The X-ray analysis confirmed that there was no ghosting, a previous picture beneath the picture you could see. The canvas and linings had not been interfered with, and the frames were original. Ultraviolet inspection confirmed that no glow or hairline cracks was present, which would be found if modern paints had been used. The paper and canvas used fitted the period perfectly. They were in common usage in the regional area of Kharkov in Russia during the 1930s, before the Nazi invasion. The paints and pigments used were no longer available, and the factory producing them had ceased production in 1939. No other substances, metals, dusts, filings or even cosmetics could be found. The signatures were consistent with other known examples, although they had been known to vary from time to time. The colour he used in signing had always been the same. The texture and brush strokes, not just of the signatures but the entire works, remained consistent with all other known examples. The two numbers, twenty-three and twenty-four, were consistent with the numbering system he used. If correct, they filled a couple of gaps of up to a dozen known to be missing.
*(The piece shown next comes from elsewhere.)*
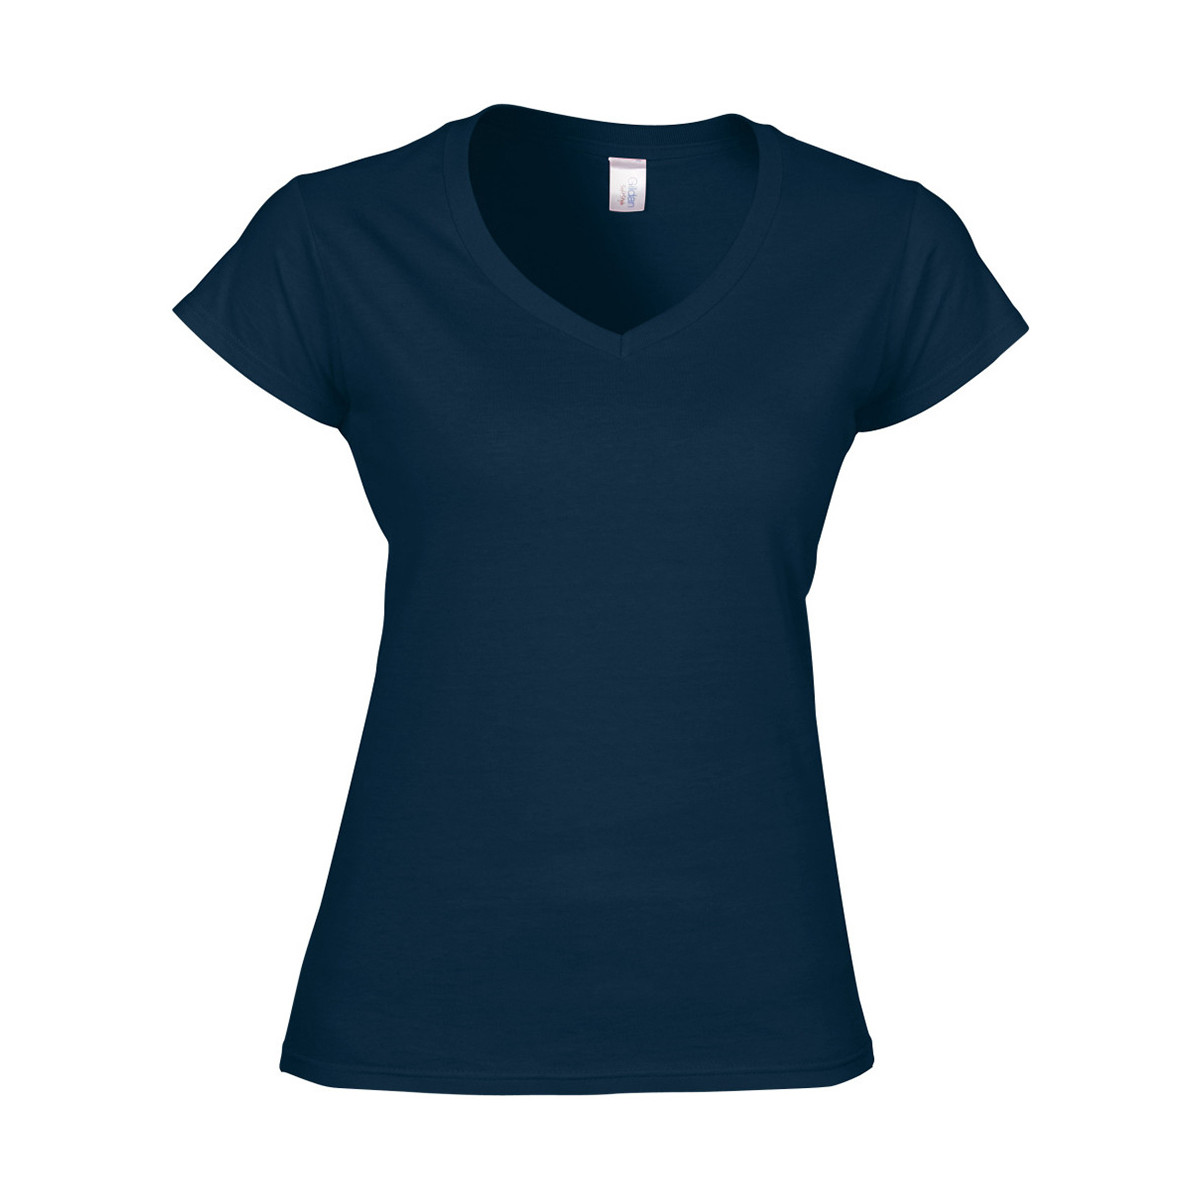 Abbigliamento Donna T-shirt maniche corte Gildan Soft Style Blu

Placing his delicate fingers across his well-fed belly, Munroe’s contentment was exceeded by another emotion: excitement. As Christie’s chief expert on Russian and Slavonic Art, he had seen it all before: fakes, forgeries in every possible genre, often entire collections.
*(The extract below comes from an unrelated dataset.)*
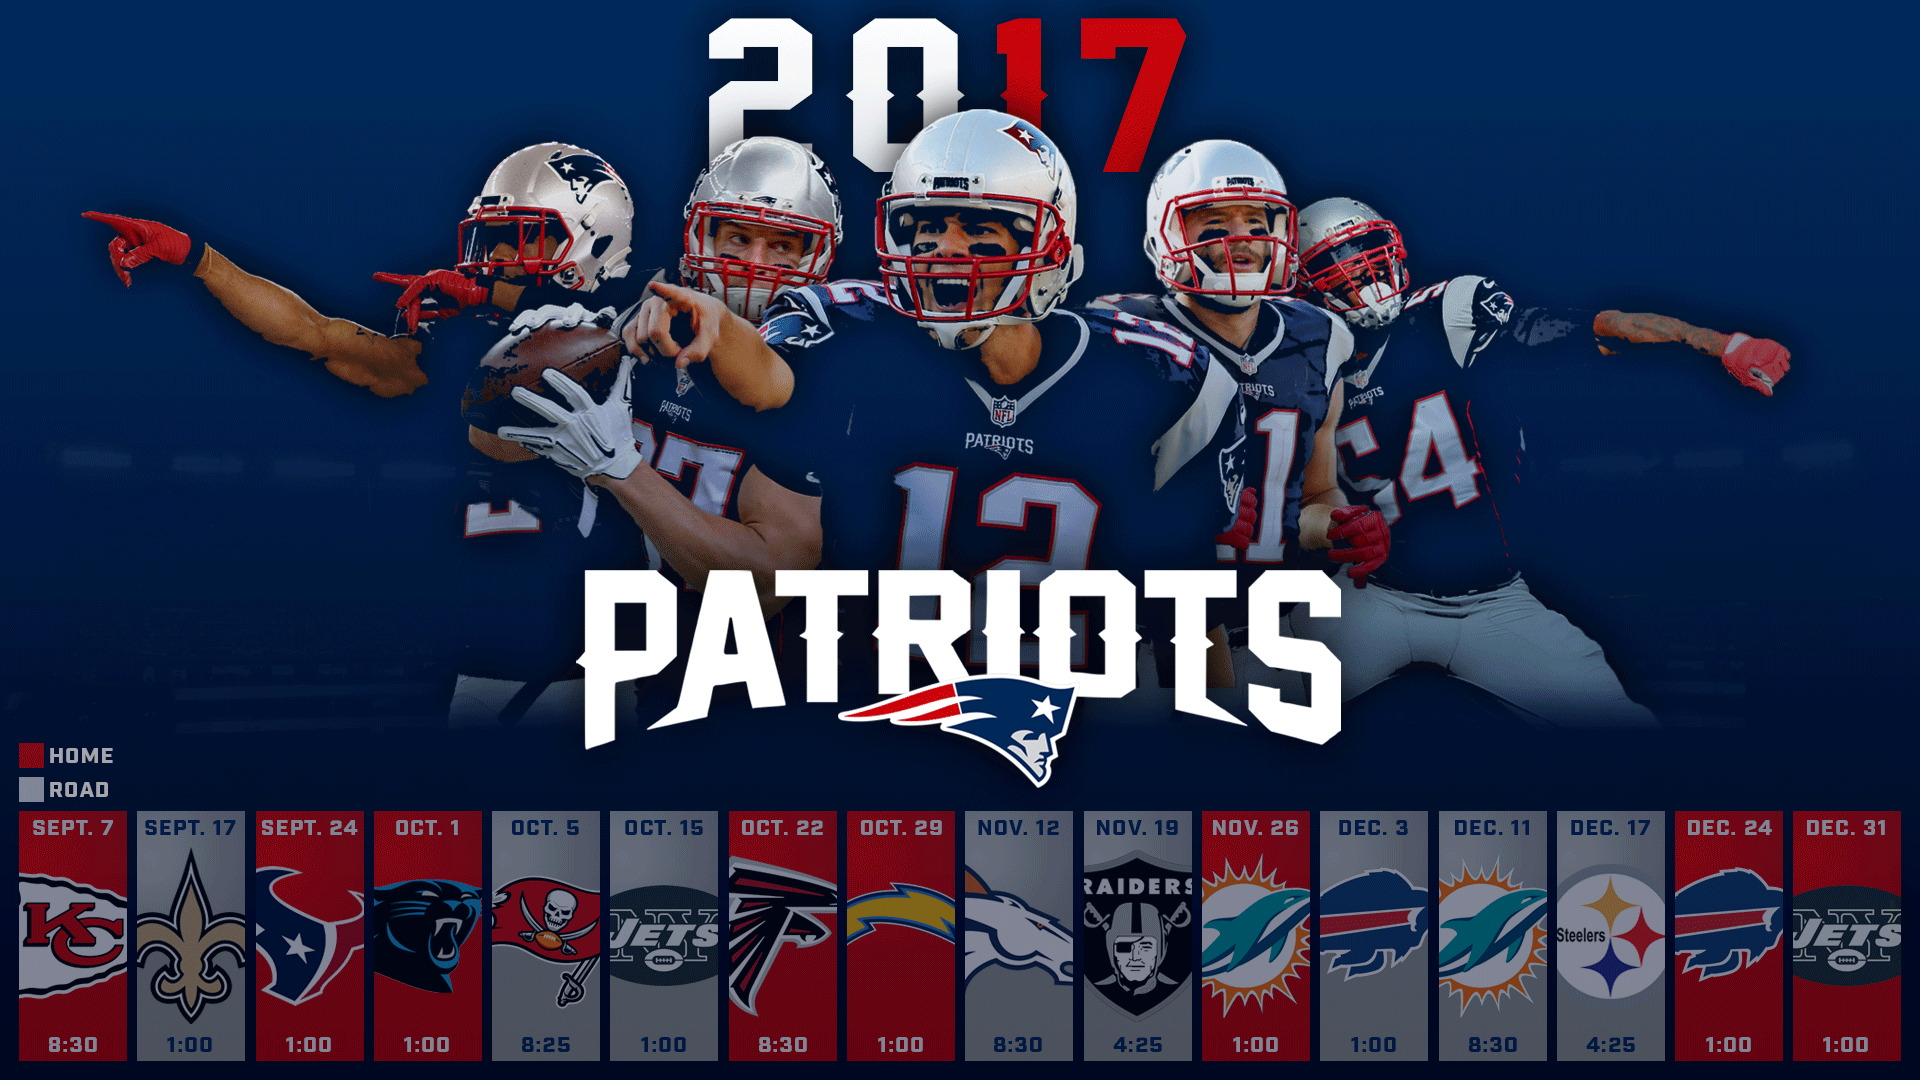 Patriots Schedule Background

Once more, he allowed his incisive gaze to saturate the two works in front of him, standing and mounted on easels. He knew from his experience the ease in which Russian art had been forged in the past. Isolated for almost eighty years from mainstream influences, many Russian artists, under constant threat for producing paintings not in the genre of socialist realism, had been forced to work in secret, most in appalling poverty.
Glasnost
had changed all that. To the west, their work had been a revelation, possessing vitality, fresh with abstractions, avant-garde perceptions of figures in sharp blocks of colour. He knew that in their beguiling and often simplistic subtlety arose the problem that they were too easily faked. Impoverished or unscrupulous painters could make anything from $1000 to $15000 plus for a decent fake. One of his London experts had calculated that up to seventy percent of Russian art on the market was forged.